_Description of the task_
Write out again, exactly as they stand, the line that includes "KFL1 - Duofold" and all remaining lines of the entries.

======== Data shown ========

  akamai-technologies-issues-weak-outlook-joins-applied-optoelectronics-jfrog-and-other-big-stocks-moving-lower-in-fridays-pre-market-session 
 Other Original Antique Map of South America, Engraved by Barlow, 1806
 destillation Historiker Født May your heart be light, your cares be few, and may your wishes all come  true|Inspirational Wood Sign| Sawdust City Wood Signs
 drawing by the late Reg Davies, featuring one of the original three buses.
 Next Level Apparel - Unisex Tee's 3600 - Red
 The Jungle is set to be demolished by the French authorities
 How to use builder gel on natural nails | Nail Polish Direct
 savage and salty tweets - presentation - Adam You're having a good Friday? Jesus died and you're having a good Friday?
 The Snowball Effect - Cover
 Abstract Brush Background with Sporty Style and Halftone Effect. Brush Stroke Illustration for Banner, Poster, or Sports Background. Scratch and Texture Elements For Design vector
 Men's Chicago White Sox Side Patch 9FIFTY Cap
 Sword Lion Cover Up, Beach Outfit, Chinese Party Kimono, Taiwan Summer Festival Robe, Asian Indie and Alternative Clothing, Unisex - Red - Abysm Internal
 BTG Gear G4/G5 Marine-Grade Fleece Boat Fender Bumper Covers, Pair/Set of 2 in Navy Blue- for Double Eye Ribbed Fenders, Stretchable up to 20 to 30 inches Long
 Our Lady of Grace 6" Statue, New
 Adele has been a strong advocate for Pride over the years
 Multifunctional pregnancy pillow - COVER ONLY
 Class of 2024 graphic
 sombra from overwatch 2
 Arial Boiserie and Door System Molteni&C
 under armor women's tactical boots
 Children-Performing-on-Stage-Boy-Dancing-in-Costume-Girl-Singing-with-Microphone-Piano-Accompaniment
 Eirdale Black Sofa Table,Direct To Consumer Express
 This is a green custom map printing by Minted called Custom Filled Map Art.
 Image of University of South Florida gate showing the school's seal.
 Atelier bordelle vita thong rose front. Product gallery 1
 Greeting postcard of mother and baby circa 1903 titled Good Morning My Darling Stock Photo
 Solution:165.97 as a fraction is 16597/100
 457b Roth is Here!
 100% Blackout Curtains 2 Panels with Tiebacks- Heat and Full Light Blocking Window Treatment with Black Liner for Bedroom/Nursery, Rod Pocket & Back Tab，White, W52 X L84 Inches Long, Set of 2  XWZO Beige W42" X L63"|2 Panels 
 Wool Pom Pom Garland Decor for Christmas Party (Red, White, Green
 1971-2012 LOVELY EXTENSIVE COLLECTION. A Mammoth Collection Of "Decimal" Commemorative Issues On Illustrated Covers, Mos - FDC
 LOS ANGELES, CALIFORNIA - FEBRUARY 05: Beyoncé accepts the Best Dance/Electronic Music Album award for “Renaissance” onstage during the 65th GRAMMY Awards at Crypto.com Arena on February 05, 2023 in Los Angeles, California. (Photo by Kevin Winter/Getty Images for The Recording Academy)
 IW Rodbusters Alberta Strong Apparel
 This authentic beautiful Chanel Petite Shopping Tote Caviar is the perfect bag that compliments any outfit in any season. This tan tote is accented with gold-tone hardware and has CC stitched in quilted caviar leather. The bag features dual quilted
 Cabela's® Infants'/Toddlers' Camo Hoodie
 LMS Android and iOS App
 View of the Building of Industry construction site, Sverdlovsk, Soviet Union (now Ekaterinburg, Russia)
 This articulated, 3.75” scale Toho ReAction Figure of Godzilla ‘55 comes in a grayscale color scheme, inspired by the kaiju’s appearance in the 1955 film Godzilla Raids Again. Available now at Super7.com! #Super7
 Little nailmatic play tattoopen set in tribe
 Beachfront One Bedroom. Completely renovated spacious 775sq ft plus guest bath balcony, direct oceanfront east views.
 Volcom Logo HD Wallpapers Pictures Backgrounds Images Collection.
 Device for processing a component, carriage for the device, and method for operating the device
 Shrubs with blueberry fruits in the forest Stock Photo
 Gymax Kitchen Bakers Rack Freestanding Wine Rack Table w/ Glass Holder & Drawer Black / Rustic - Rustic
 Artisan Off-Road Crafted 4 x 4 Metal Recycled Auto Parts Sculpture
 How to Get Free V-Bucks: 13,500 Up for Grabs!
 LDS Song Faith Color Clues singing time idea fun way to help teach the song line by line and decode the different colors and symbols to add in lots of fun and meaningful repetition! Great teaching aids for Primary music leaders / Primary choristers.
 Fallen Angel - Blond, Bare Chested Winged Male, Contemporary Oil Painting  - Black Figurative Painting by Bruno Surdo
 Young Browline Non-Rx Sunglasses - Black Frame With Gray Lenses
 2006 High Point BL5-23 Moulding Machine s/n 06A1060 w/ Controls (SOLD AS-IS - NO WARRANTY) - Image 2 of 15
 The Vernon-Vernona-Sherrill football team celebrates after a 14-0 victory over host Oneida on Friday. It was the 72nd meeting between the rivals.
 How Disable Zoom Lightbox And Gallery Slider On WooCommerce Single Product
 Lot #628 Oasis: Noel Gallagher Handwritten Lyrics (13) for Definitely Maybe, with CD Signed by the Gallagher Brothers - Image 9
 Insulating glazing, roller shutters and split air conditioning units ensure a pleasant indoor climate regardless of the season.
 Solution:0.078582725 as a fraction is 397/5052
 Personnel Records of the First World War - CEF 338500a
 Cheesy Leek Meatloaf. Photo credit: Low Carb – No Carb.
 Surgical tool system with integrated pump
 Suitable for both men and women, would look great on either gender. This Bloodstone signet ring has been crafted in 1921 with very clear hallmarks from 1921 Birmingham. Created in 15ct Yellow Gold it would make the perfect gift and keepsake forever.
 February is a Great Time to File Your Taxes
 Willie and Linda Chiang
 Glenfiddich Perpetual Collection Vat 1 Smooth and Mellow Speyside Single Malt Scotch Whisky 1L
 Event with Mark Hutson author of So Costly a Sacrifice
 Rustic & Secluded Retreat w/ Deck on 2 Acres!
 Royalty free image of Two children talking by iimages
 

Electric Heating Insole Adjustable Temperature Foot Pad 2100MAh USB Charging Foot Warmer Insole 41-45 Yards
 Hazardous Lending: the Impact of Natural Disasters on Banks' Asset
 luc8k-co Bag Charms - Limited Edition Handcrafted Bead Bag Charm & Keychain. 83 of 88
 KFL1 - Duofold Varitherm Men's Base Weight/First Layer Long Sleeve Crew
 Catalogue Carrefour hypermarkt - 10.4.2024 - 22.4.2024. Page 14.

========

_Solution for this exercise_
 KFL1 - Duofold Varitherm Men's Base Weight/First Layer Long Sleeve Crew
 Catalogue Carrefour hypermarkt - 10.4.2024 - 22.4.2024. Page 14.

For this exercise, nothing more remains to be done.